After internment, Japanese Canadians reorganized and continued to both suffer and struggle against racial, class and institutional discrimination throughout Canada. But in a handful of years, despite their diasporic and stigmatised condition, Japanese Canadians would become a major force in the rebellious “geography of the unseen” in the Downtown Eastside of Vancouver. Unseen as well in DTES were First Nations communities, the original caretakers of this unceded land, the Coast Salish people, Chinese and South Asian immigrants, and Italian and Ukrainian working-class women and men — all who laboured and produced huge profits for Vancouver’s white ruling elite and emerging corporate class.

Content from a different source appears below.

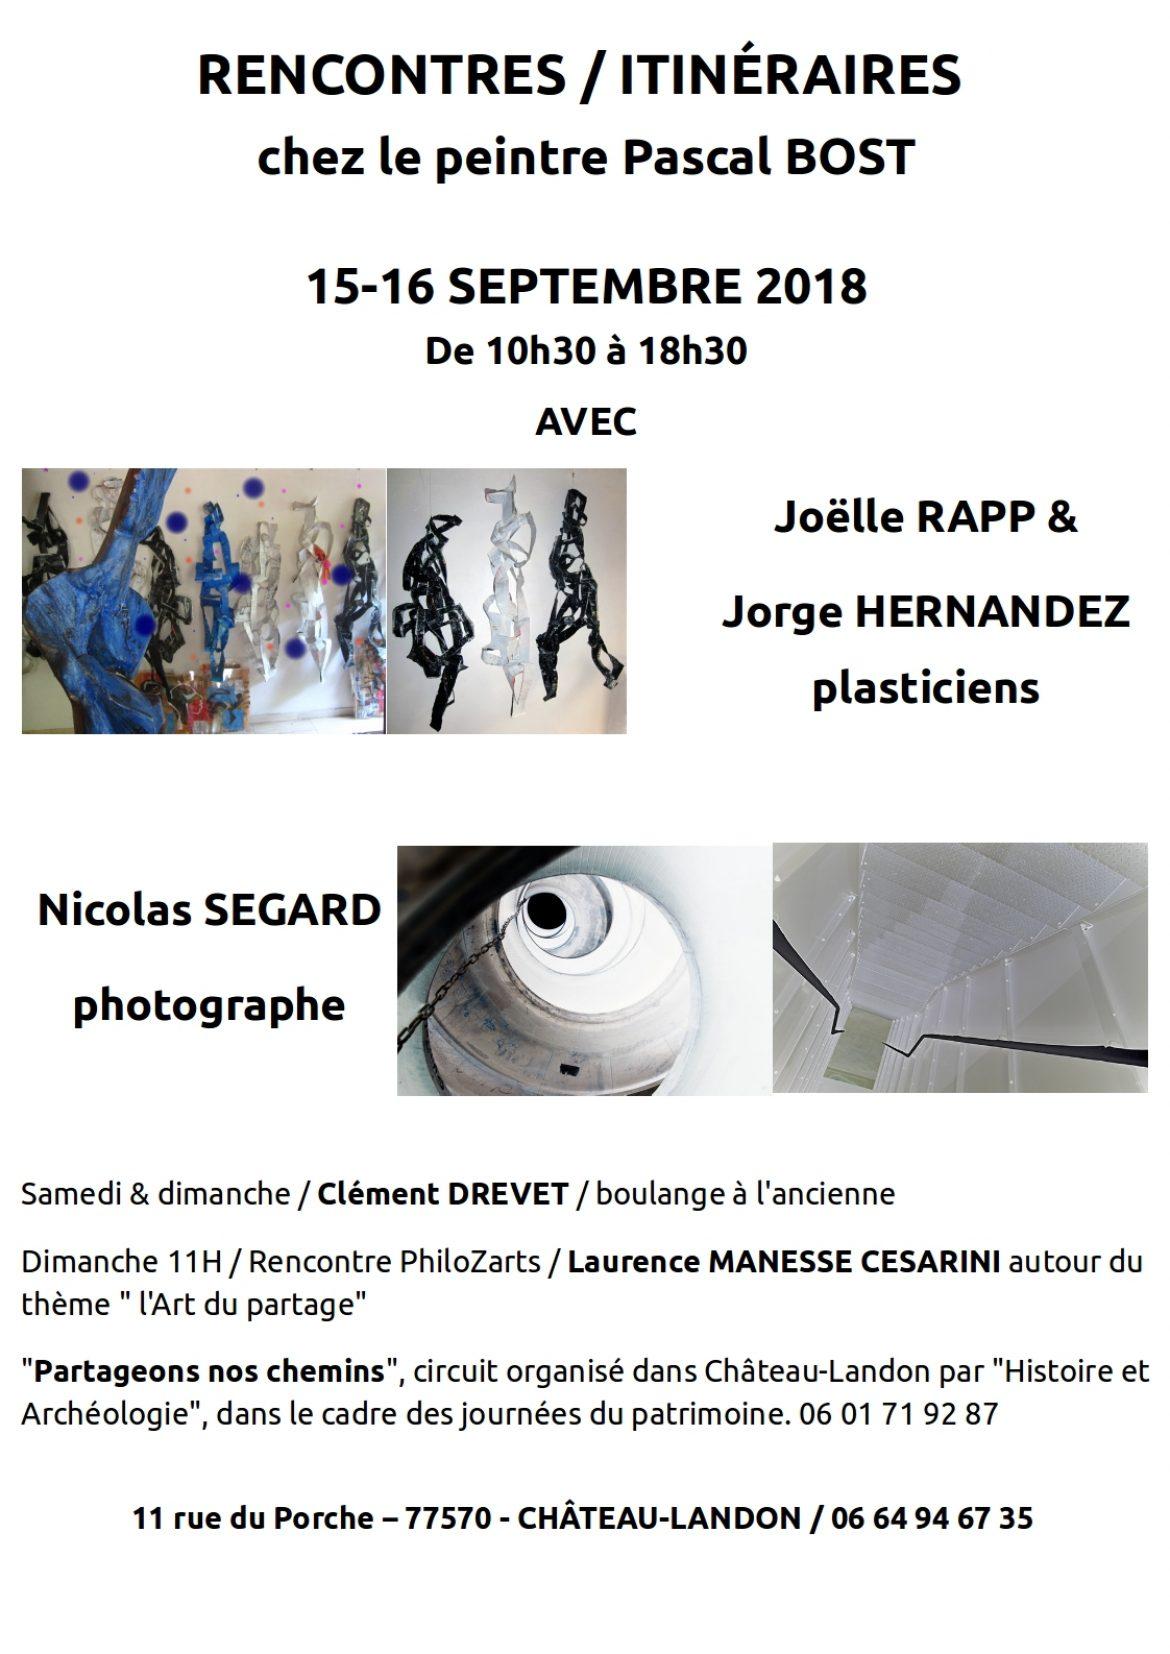 Nicolas Ségard Rencontres Chateau-Landon JEP 2018

Building K, Men’s Dormitory (formerly Forum), Hastings Park, Vancouver, BC, 1942; Photo by Leonard Frank, VPL Accession Number: 14918

The Downtown Eastside is historic, pivotal and contested terrain in Vancouver’s axis of real estate, power and oppression. It’s a place that breeds popular resistance to colonization, concentration camps and consumerism. Immigrant rights organizing and women’s centred activism have always been at the forefront of anti-colonial and anti-racist movements, and in particular First Nations sovereignty struggles. Here in the Downtown Eastside, communities created social justice coalitions to end sexual violence against women, locally and across British Columbia and Canada, and it is here that activists fought to create Insite, Canada’s first and only safe-injection facility. Aboriginal women’s leadership is the central force in the fight for social housing, and was essential to exposing the crimes of serial killer Robert Pickton, as well as the negligent complicity of the Vancouver Police Department and the R.C.M.P. Without their constant vigilance and activism, our neglectful governors would never have admitted to their botched investigations of missing and murdered women, which we now know were the direct result of “blatant failures” and “systemic bias” against this community by the supposed enforcers of law.

Despite these atrocities, or perhaps in defiance of them, Powell Street is home to a diverse and working-class people’s history. It also remains a site of multi-generational trauma. And it is here that Cuchillo’s investors and landlord Steven Lippman have now planted their “flag of business.” In doing so, they’ve stuck a displacement dagger in the heart of Japantown, the DTES, and in unceded Coast Salish soil. But this community won’t go down without a fight. This history of resistance is unforgettable.

 DTES residents and allies will host a media conference outside of Cuchillo Restaurant at 261 Powell Street this Friday, July 5th at 6pm.